Mobile GIS support function, support and geographical graphic displaying, electricity based on State Grid Corporation of China's GIS service platform
The functions such as the displaying of net resource, GIS spatial analysis, path navigation, reporting position.
Mobile working stream support function, include the management of electric power mobile application distribution platform service end, client.
Platform management functions, including equipment control, rights management, service menu management, the condition monitoring of mobile terminal, clothes
Business monitoring and standardization field operation analytic function.

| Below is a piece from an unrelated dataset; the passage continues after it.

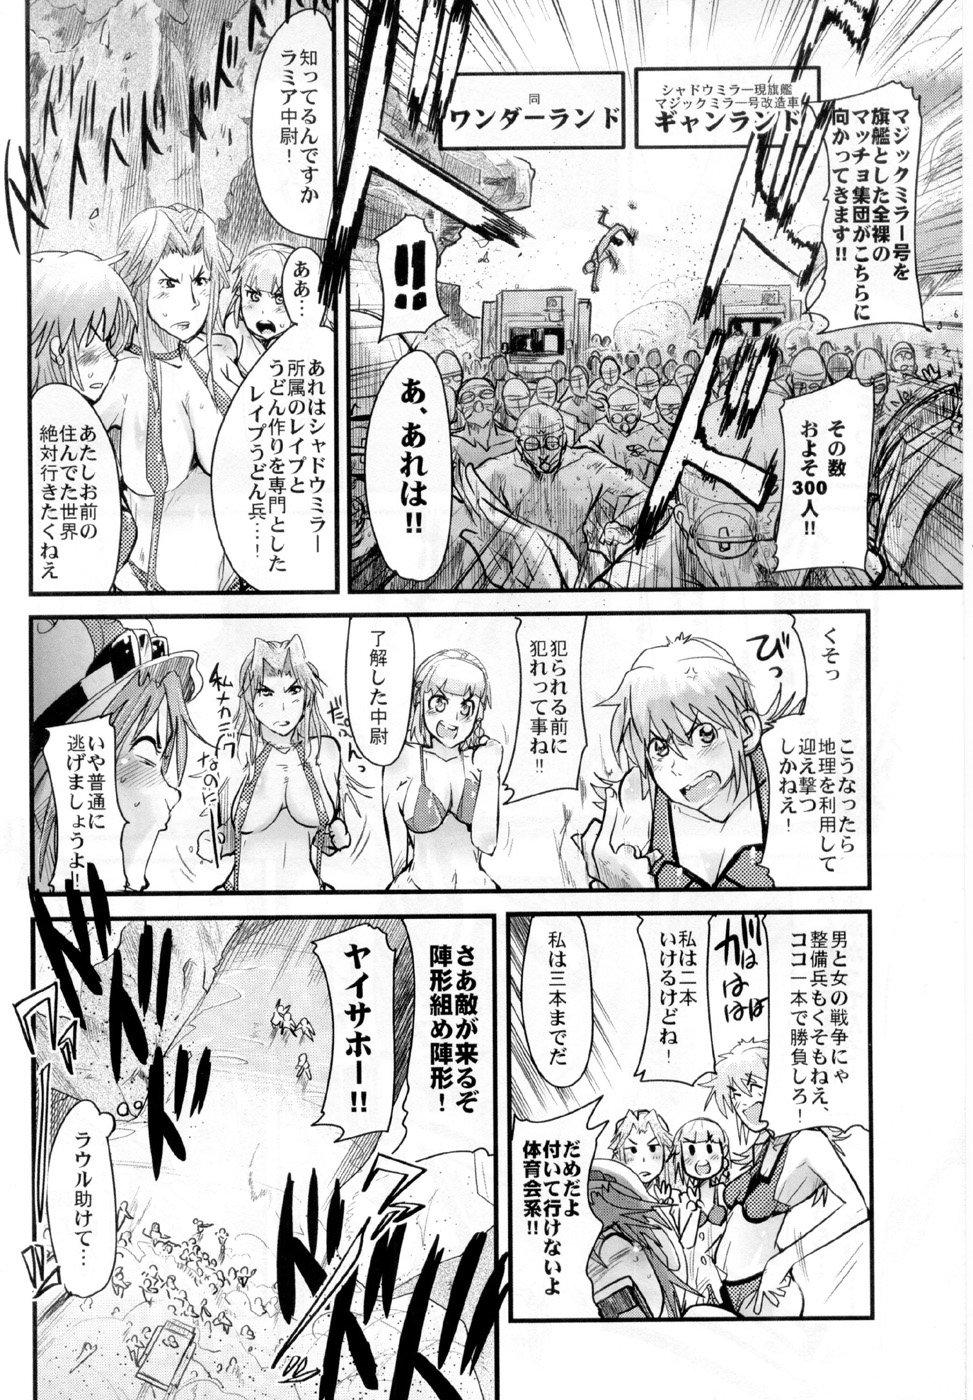 Plumper Boku no Watashi no Super Bobobbo Taisen OGS2 no S wa Yappari Sennou no S - Super robot wars Francais - Page 8

Application performance is ensured using nine kinds of technological means efficiently, stably, reliably, independent design traffic table, storage user, power
The information such as limit;Asynchronous task scheduling, realize that job note efficient information rate is downloaded in real time;Job note procedure information is real-time by short message
Push, mitigate the impact manually refreshed to system;Independent design traffic table, store mobile job-oriented terminal job note information;It is mobile
Cargo handling operation parameterisable configures, control business coverage;Job note business datum is downloaded can be asynchronous, maximizes reduction pair
BOSS professional systems are impacted;Work data uploads can be asynchronous, improves data transmission success;The detachable upload of batch working list,
The data volume that single uploads is reduced, structural data is separately handled with unstructured data, improves transfer efficiency in data.

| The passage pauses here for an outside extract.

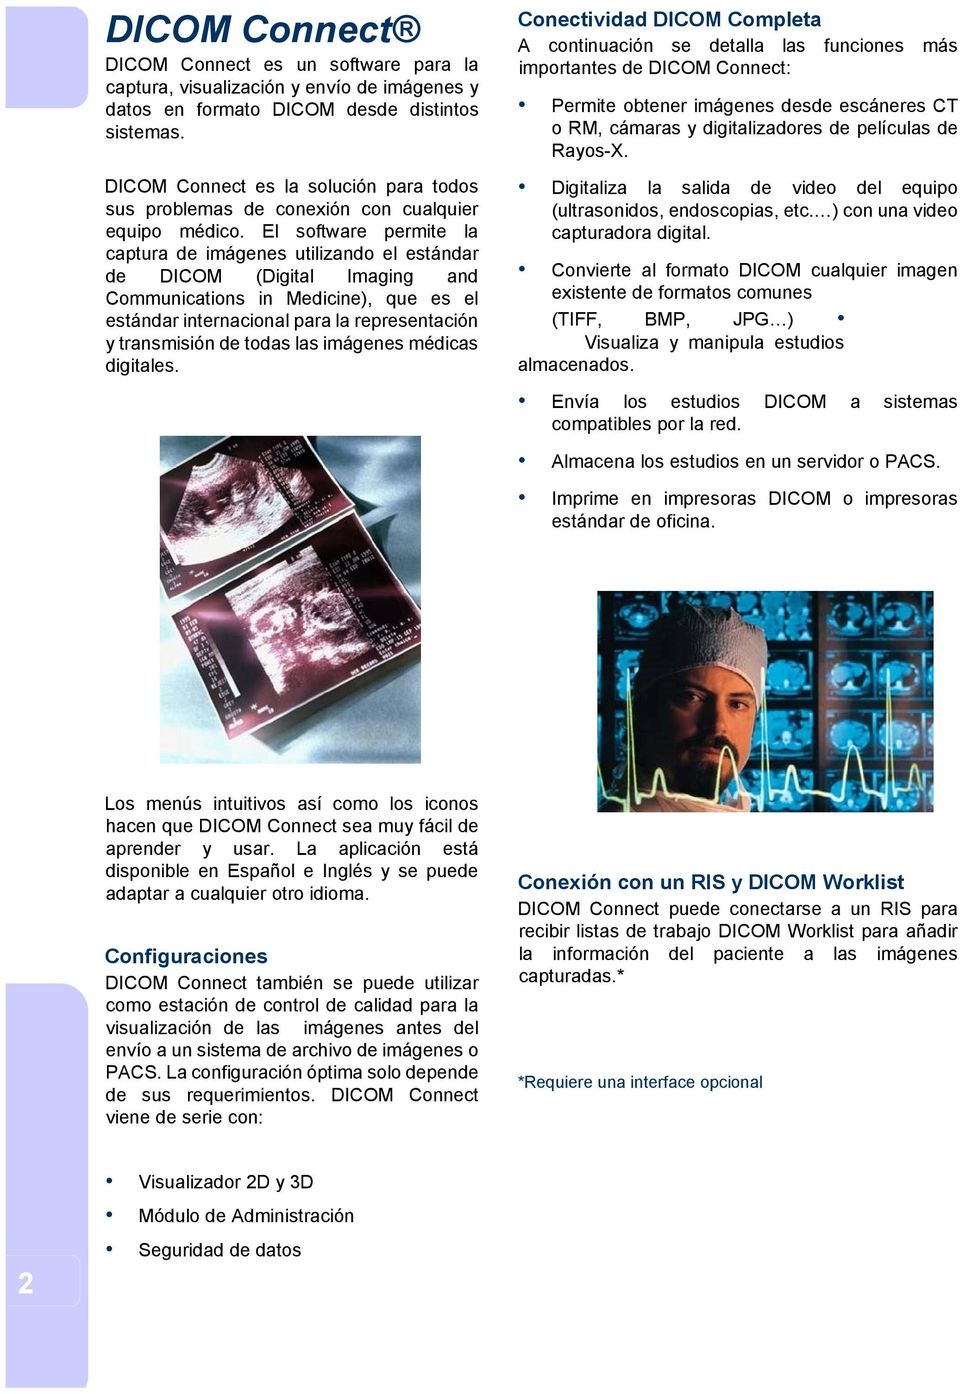 El software permite la captura de imágenes utilizando el estándar de DICOM (Digital Imaging and Communications in Medicine), que es el estándar internacional para la representación y transmisión de

Data preserve and interacted with the real time data of the professional BOSS systems of electric power host computer the data using two-way intercommunication
Passage, the form of data transfer use JSON data transfers, and multimedia file is then realized by way of FTP service transmission.
Information security is ensured that safety access system deployment is main to divide by the secure accessing platform of Guo Wang companies certification
For:The built-in customization encryption chip of enterprises end deployment secure gateway device, security terminal, enterprise has two-stage CA systems by oneself, data add
The close cryptographic protocol for doing data channel using SM2 algorithms, using IPSEC/SSL VPN technologies using SM1 algorithms, digital certificate.
Figure 1 above, the power marketing mobile application security guard system shown in 2 are the specific embodiments of the present invention,
Substantive distinguishing features of the present invention and progress are embodied, under the enlightenment of the present invention, shape can be carried out to it according to the use needs of reality
The equivalent modifications of shape, structure etc., this programme protection domain row.